++++ Entries provided

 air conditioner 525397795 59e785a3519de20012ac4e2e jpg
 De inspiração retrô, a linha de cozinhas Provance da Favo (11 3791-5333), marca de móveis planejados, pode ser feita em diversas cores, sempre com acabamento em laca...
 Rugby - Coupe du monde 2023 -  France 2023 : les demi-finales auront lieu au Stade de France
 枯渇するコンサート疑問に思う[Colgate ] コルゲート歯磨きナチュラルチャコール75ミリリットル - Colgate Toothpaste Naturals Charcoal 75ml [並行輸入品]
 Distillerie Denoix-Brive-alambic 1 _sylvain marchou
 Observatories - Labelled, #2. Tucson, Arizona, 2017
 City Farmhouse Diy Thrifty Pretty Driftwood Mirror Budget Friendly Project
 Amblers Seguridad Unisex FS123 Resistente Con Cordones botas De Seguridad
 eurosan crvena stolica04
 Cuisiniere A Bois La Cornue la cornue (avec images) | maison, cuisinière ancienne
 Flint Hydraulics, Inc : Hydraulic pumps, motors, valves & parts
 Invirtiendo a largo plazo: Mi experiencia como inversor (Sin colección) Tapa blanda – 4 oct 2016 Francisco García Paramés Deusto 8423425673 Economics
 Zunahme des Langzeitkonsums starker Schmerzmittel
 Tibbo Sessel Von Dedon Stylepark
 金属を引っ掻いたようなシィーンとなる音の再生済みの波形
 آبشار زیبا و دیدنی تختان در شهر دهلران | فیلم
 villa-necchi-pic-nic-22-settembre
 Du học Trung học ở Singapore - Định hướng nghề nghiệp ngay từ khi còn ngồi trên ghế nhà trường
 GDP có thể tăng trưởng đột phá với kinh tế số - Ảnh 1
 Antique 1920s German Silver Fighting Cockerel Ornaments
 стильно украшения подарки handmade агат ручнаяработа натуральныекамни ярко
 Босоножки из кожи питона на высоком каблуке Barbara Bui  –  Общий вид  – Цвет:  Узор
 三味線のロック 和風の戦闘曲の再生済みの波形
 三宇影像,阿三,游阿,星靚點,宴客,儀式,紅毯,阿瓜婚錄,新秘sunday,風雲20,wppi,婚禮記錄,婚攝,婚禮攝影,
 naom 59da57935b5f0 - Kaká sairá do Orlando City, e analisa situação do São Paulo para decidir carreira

++++++++

*What is expected:*
Scan the listing above for the line that has "Amblers Seguridad Unisex", then copy exactly from that line through the line that has "金属を引っ掻いたようなシィーンとなる音の再生済みの波形".

*The completed task:*
 Amblers Seguridad Unisex FS123 Resistente Con Cordones botas De Seguridad
 eurosan crvena stolica04
 Cuisiniere A Bois La Cornue la cornue (avec images) | maison, cuisinière ancienne
 Flint Hydraulics, Inc : Hydraulic pumps, motors, valves & parts
 Invirtiendo a largo plazo: Mi experiencia como inversor (Sin colección) Tapa blanda – 4 oct 2016 Francisco García Paramés Deusto 8423425673 Economics
 Zunahme des Langzeitkonsums starker Schmerzmittel
 Tibbo Sessel Von Dedon Stylepark
 金属を引っ掻いたようなシィーンとなる音の再生済みの波形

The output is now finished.